[Data extract — start]
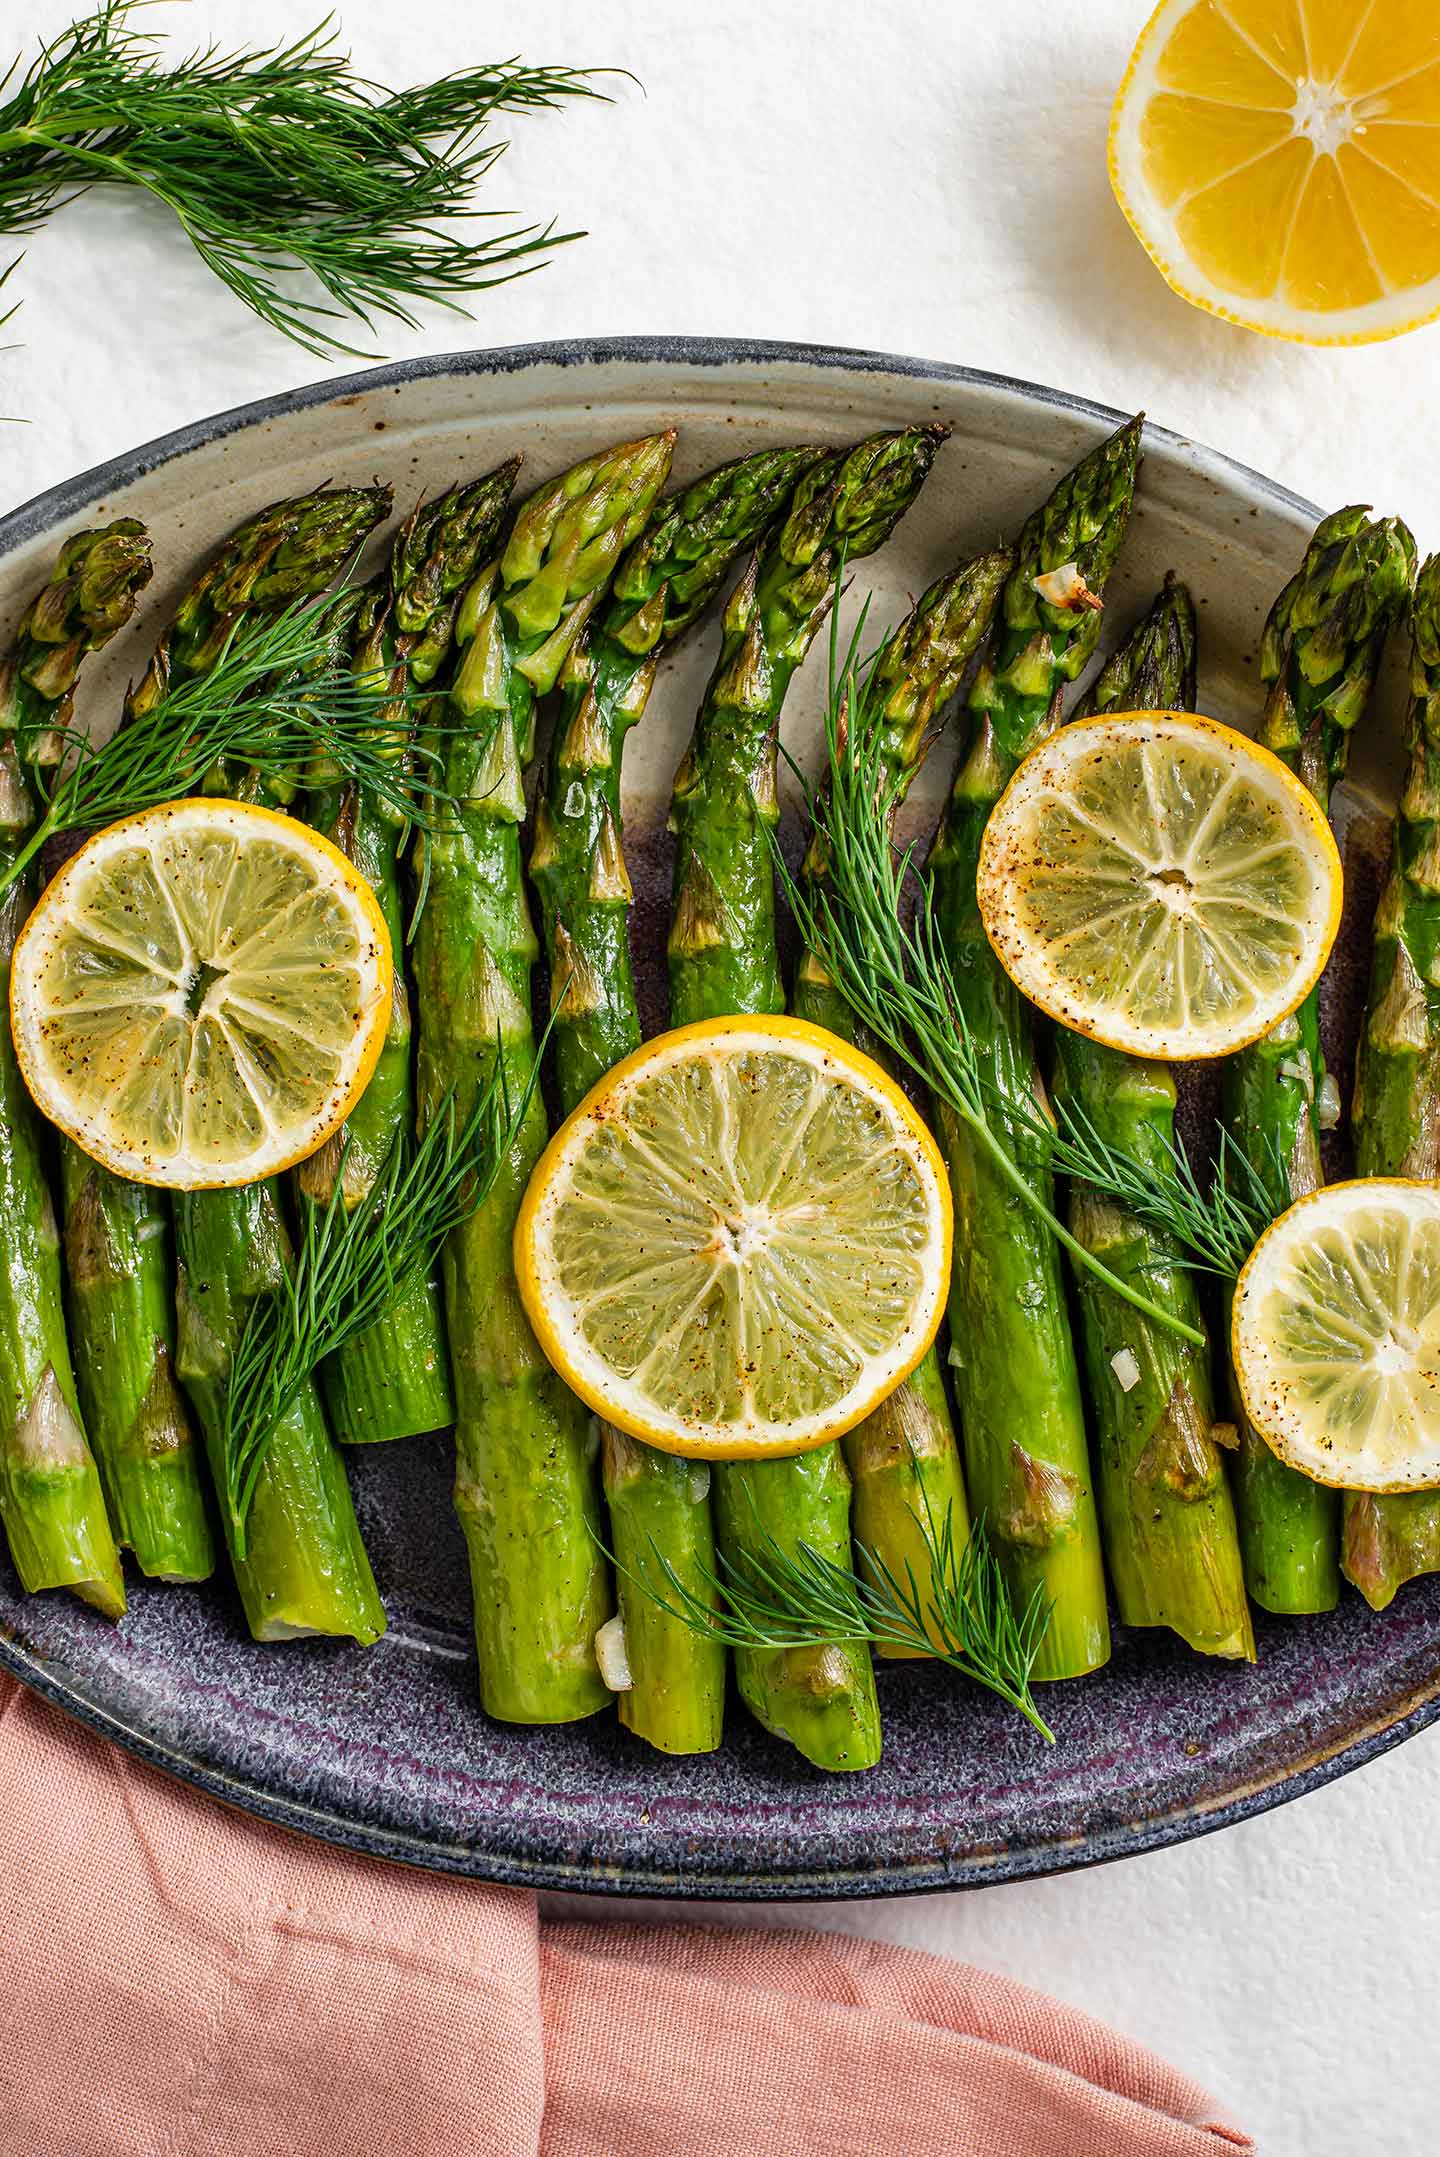 Top down view of lemon roasted asparagus in a serving platter with roasted lemon slices and fresh dill to garnish
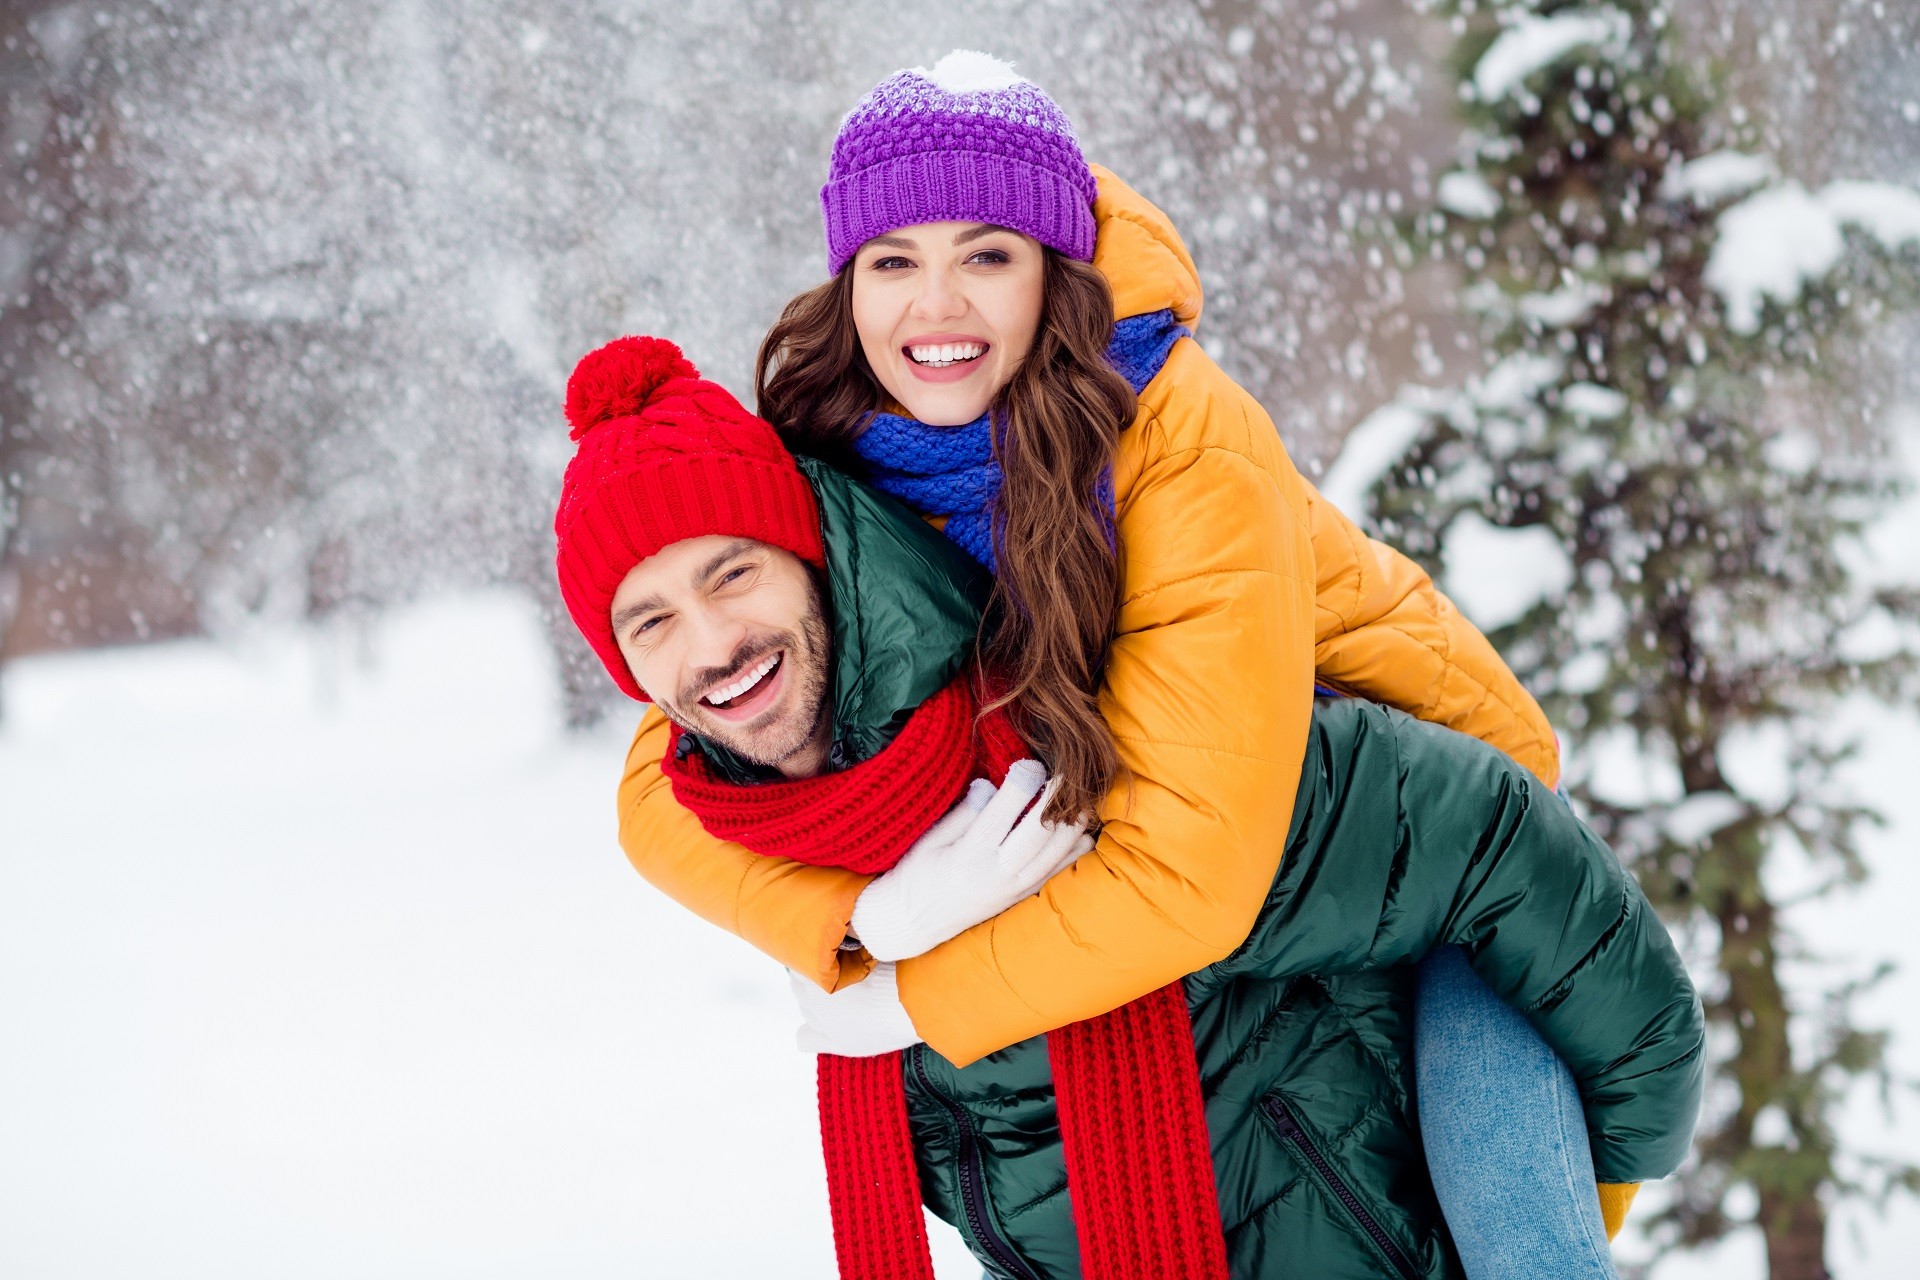 7 Easy Ways to Stay Healthy and Fit This Winter
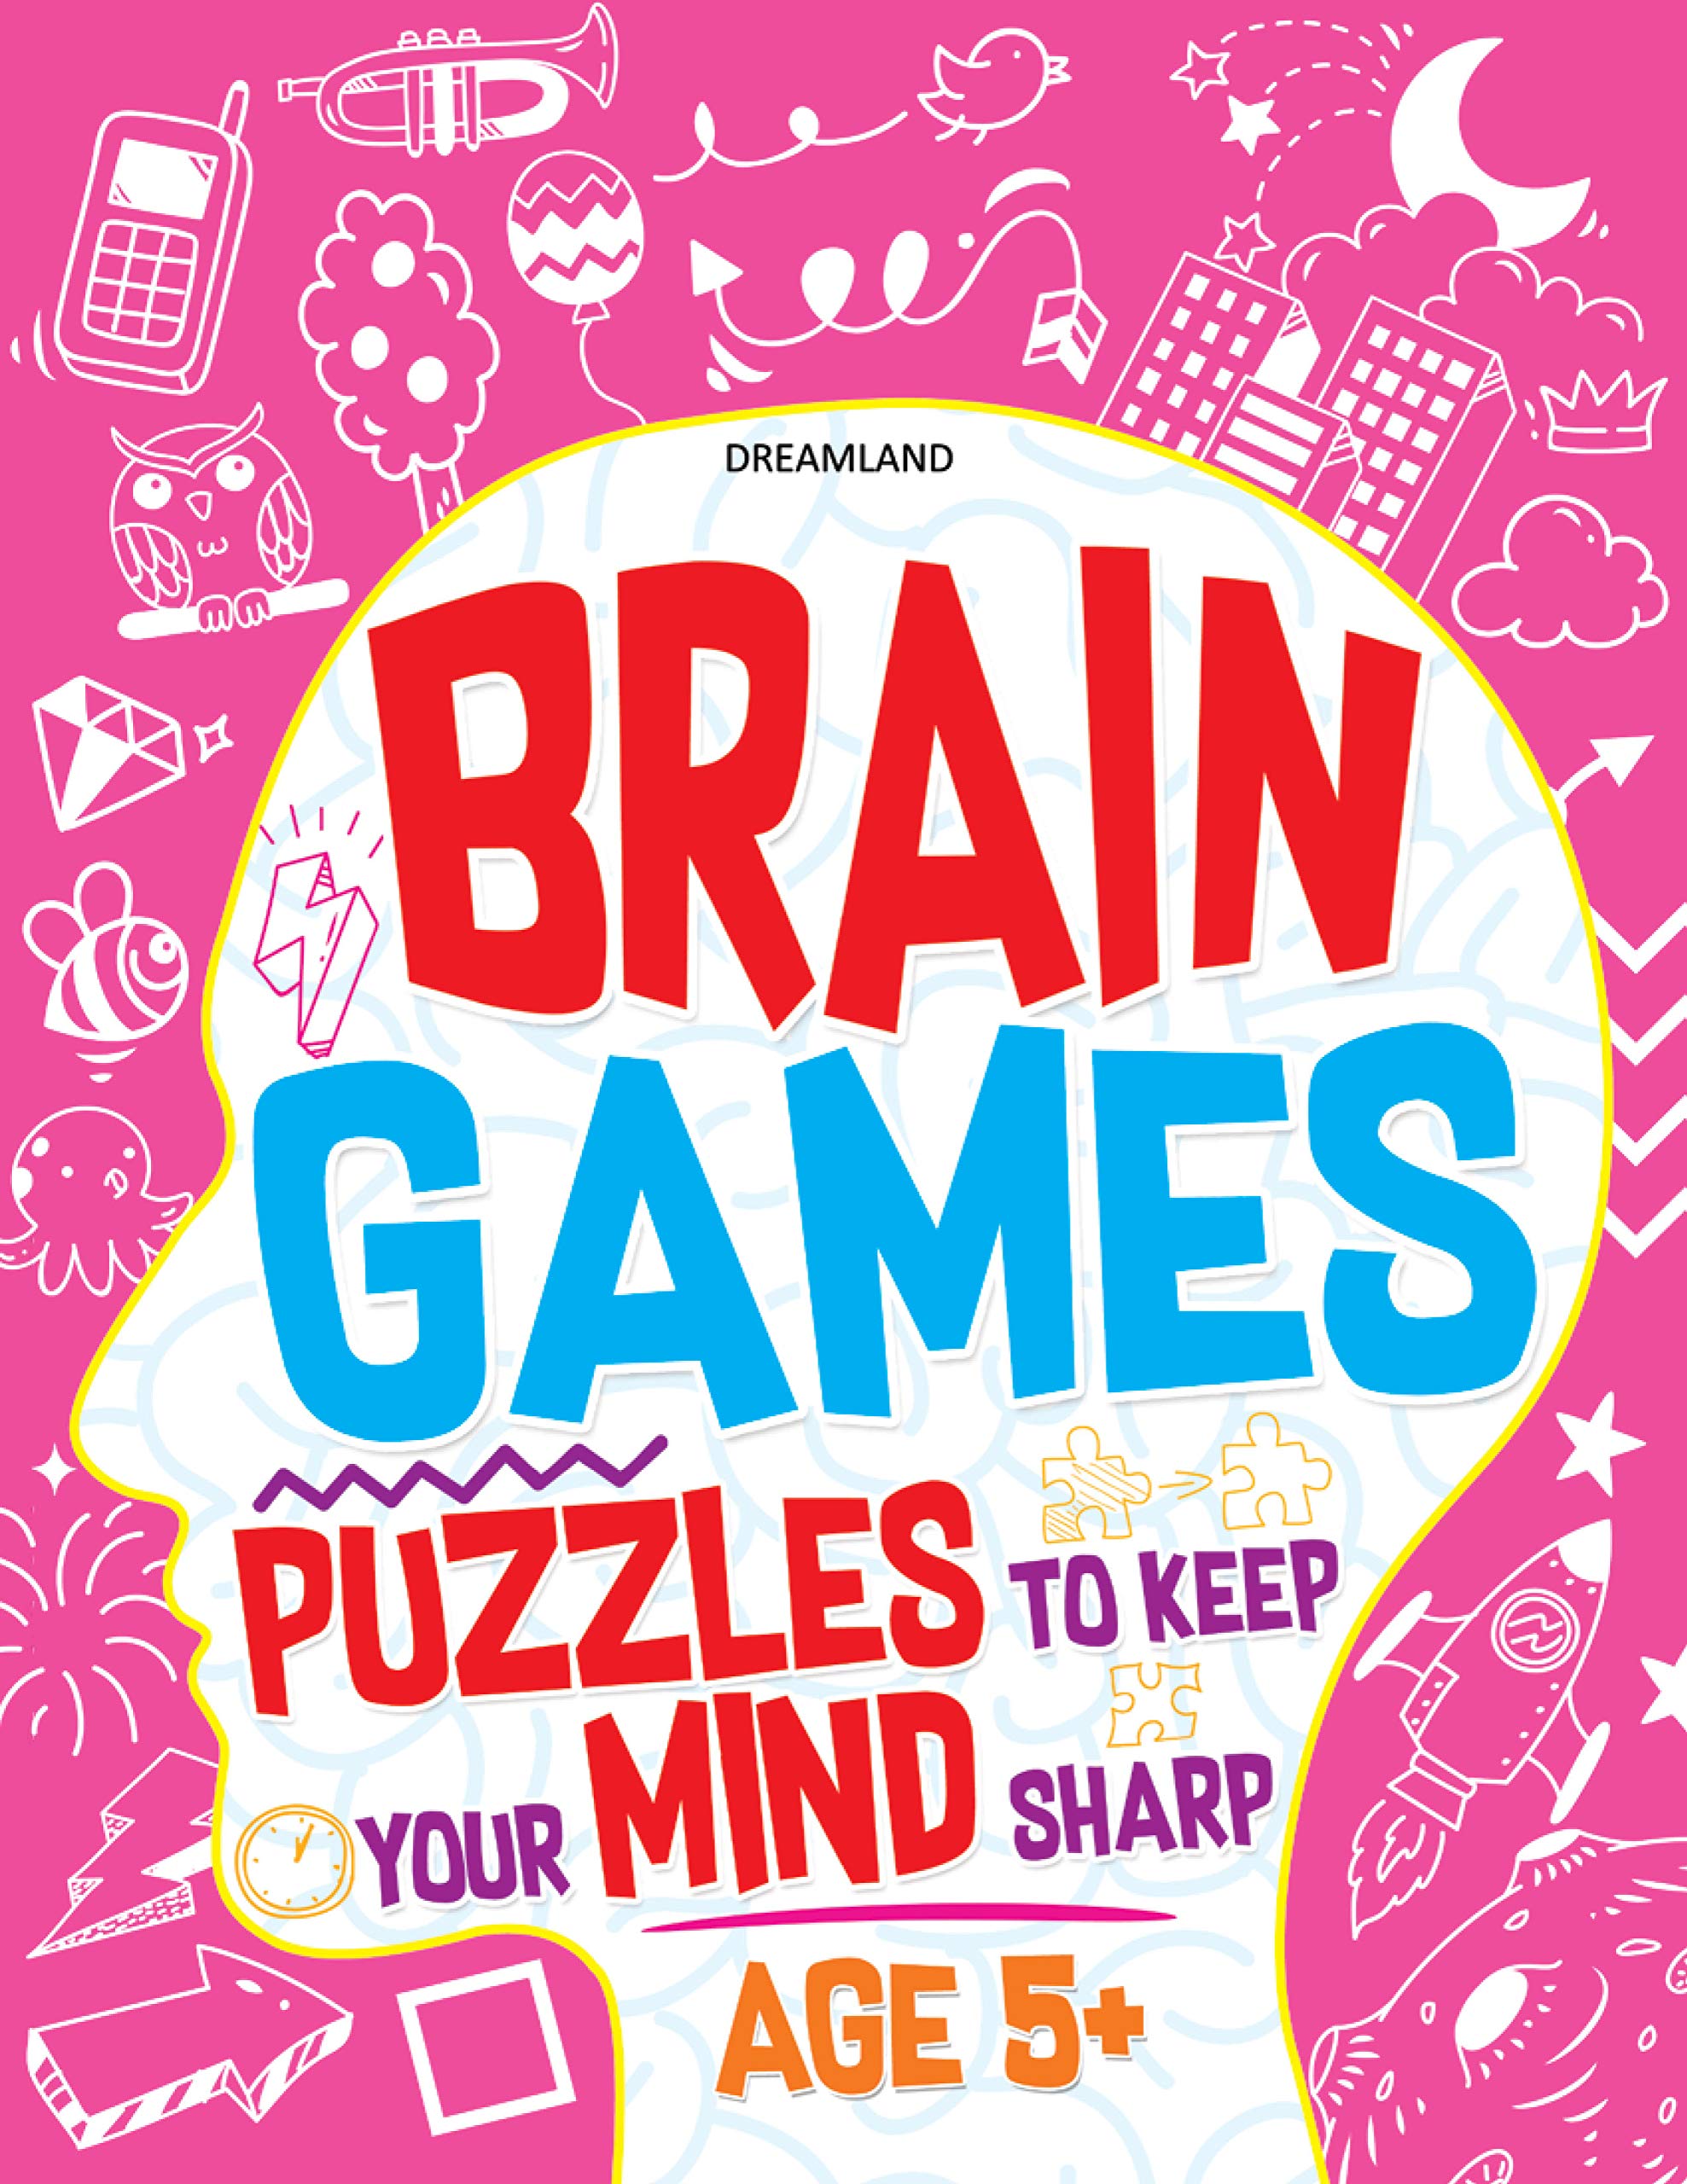 Brain Games (Puzzles to keep your Mind sharp Age 5+)
[Data extract — finish]
[Problem statement]
Please copy the data shown above, line by line and exactly, omitting the images.

[Response to this exercise]
 Top down view of lemon roasted asparagus in a serving platter with roasted lemon slices and fresh dill to garnish
 7 Easy Ways to Stay Healthy and Fit This Winter
 Brain Games (Puzzles to keep your Mind sharp Age 5+)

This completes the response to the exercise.